The benefit managers across pharmaceutical companies have finally come across a potential new weapon called biosimilars to fight the perpetual battle over the drug prices with regards to the United States prescription. However, the pharma investors do not seem to be prepared for the new generic versions of the popular drugs.
Biosimilars are best explained as analogous or generic versions of conventional pharmaceuticals featuring small-molecule. Biosimilar must not be mistaken to be an exact copy of the treatment; nevertheless it mimics the medical procedure but requires substantially more resources and skills for the development of the generic drugs.
Another important aspect to note here is that biosimilars, unlike generics, must go through clinical trials before they get the final approval from the Food and Drugs Administration. According to reports, first biosimilar is already approved and many more are waiting to follow. As per the information collected by Evercore ISI, a total of 11 drugs are slated to face their biosimilars and compete against them to pocket the market share in the forthcoming years. Industry reports suggest this school of drugs with the ability of treating ailments from rheumatoid arthritis to cancer, amassed more than US$50 billion combined revenue in 2014.

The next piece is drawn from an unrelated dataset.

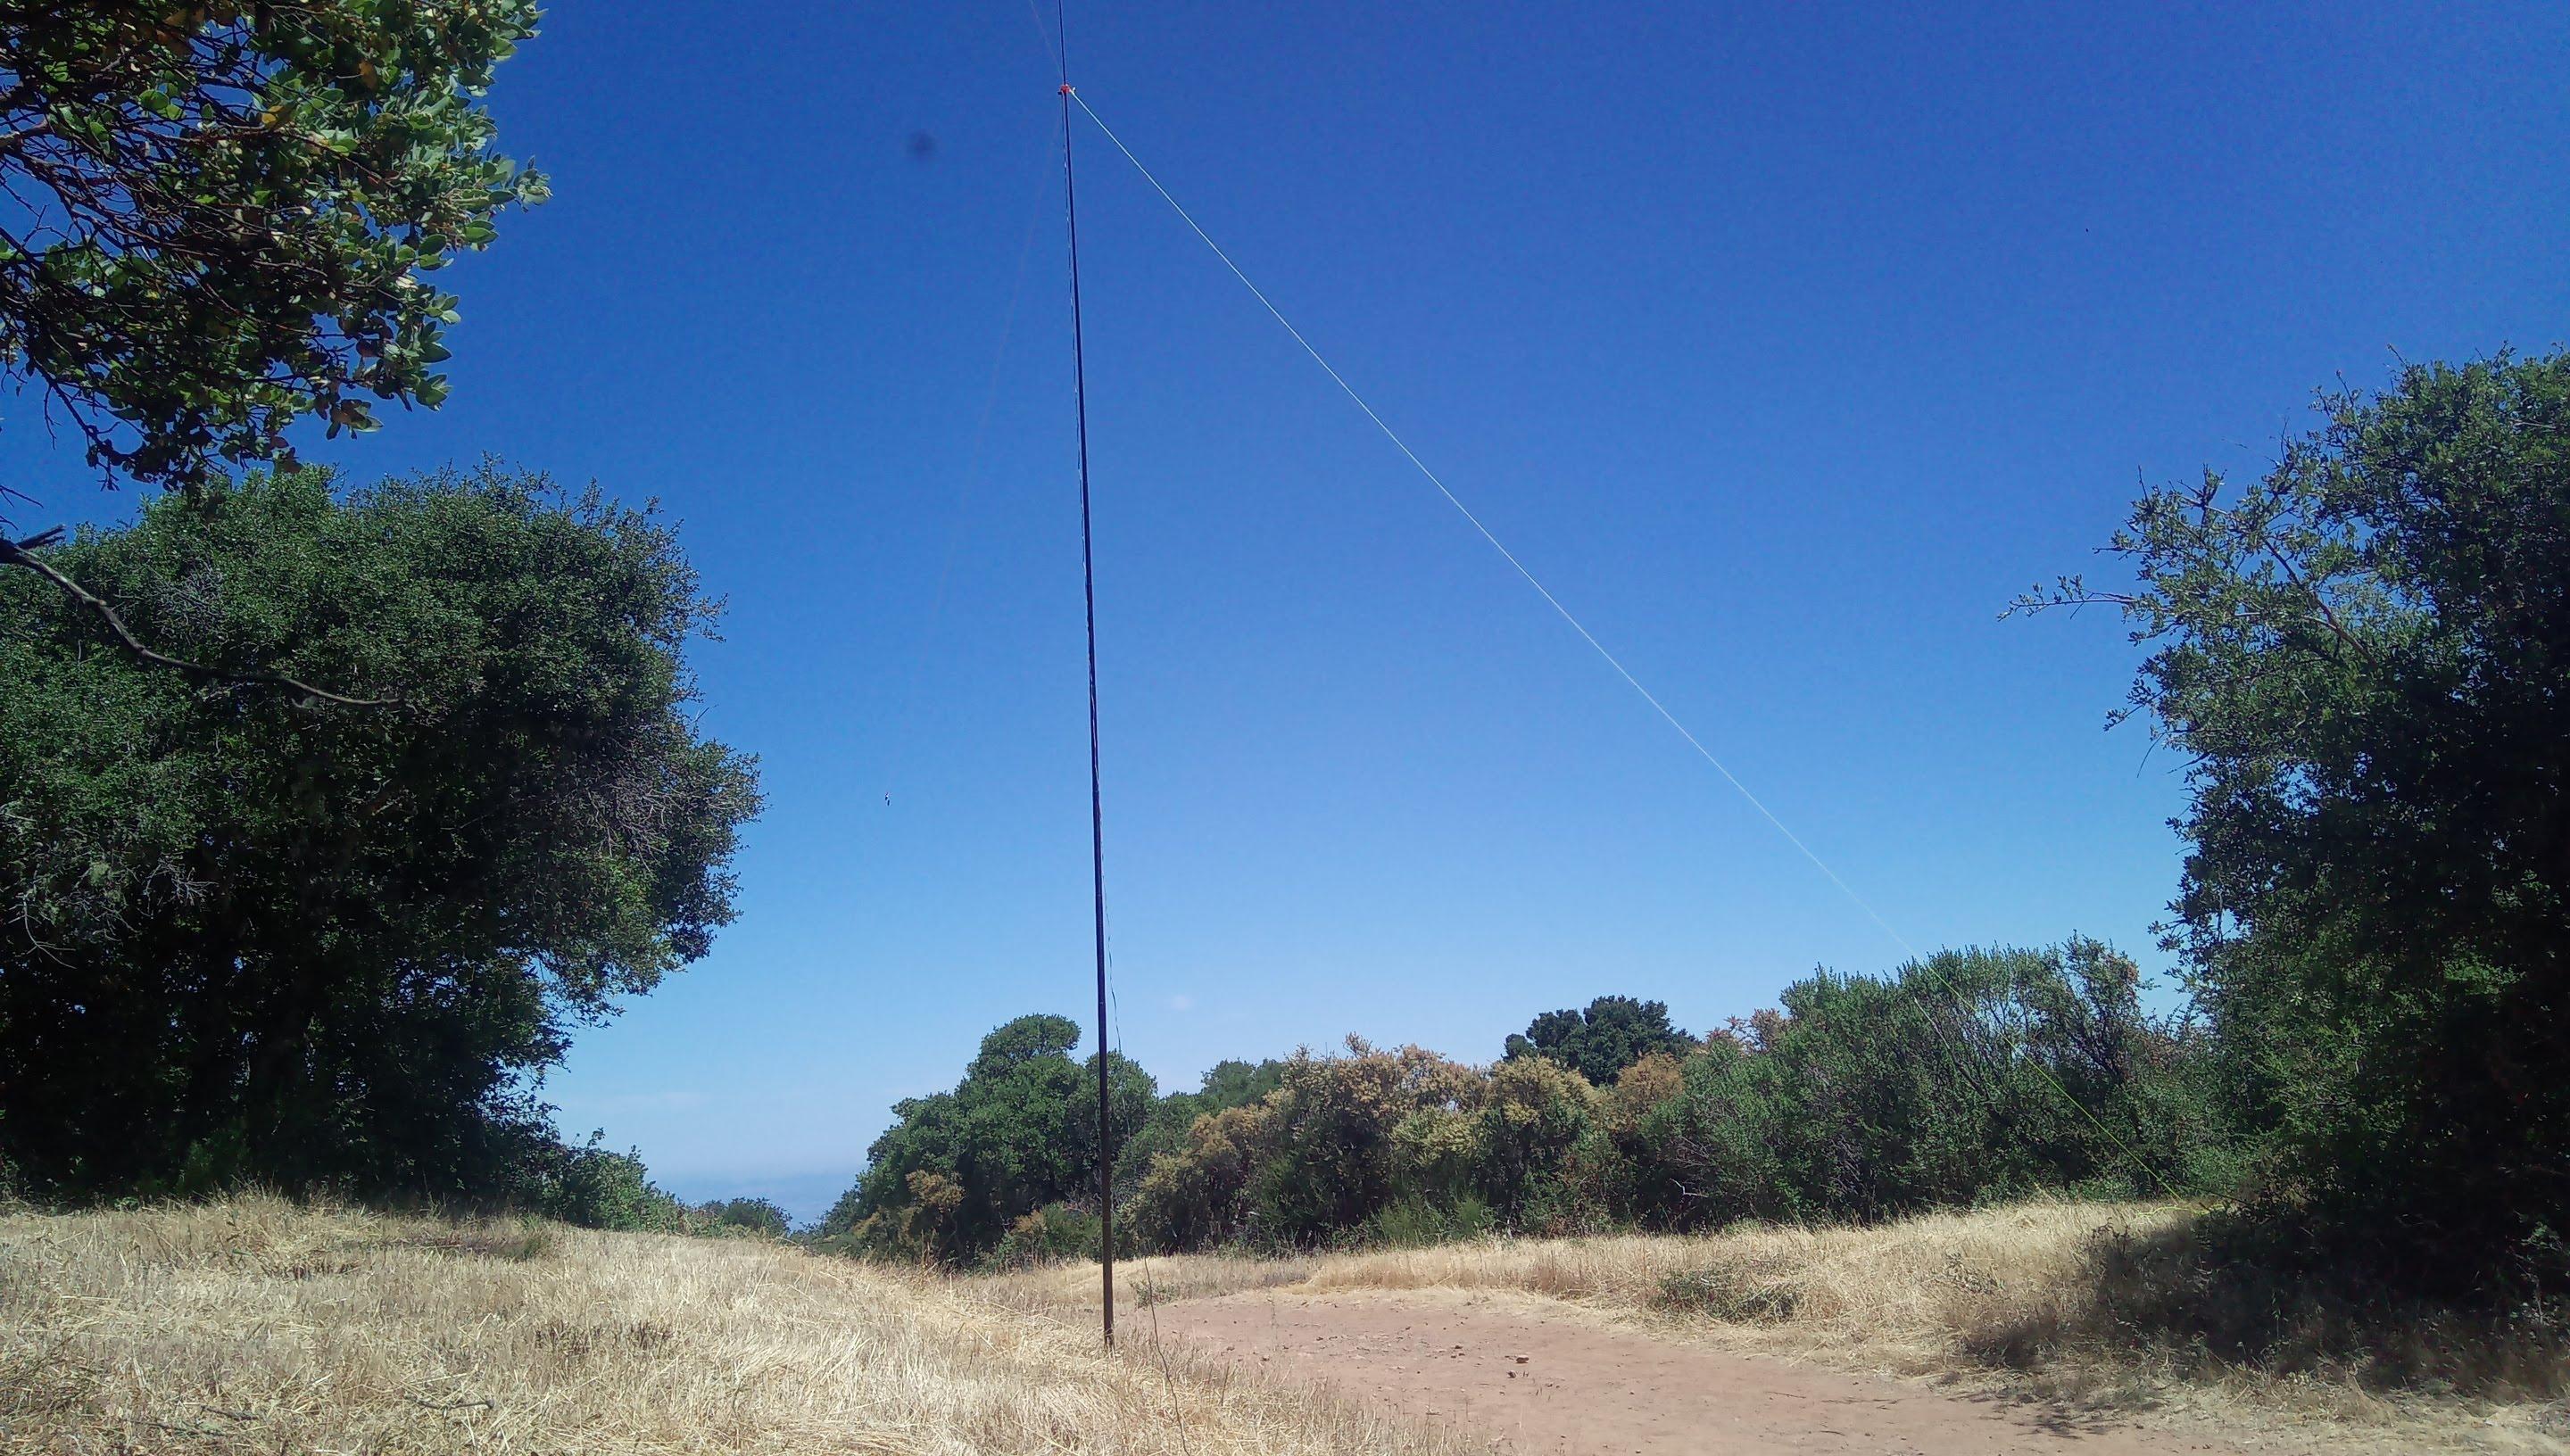 The antenna

It is important to note here that the biosimilars will vary in intensity according to the treatments. For instance, at present there are 11 biosimilars which are still in the development stage to compete with the combination provided by AbbVie’s Humira, which is regarded as the best-selling drug worldwide, and is slated to lose its exclusive patent for the United States in 2016. Four of these competing drugs have already entered the stage three of the clinical trials. Other drugs that are to lose their patent in a year or two are facing competition from maybe one or two biosimilars.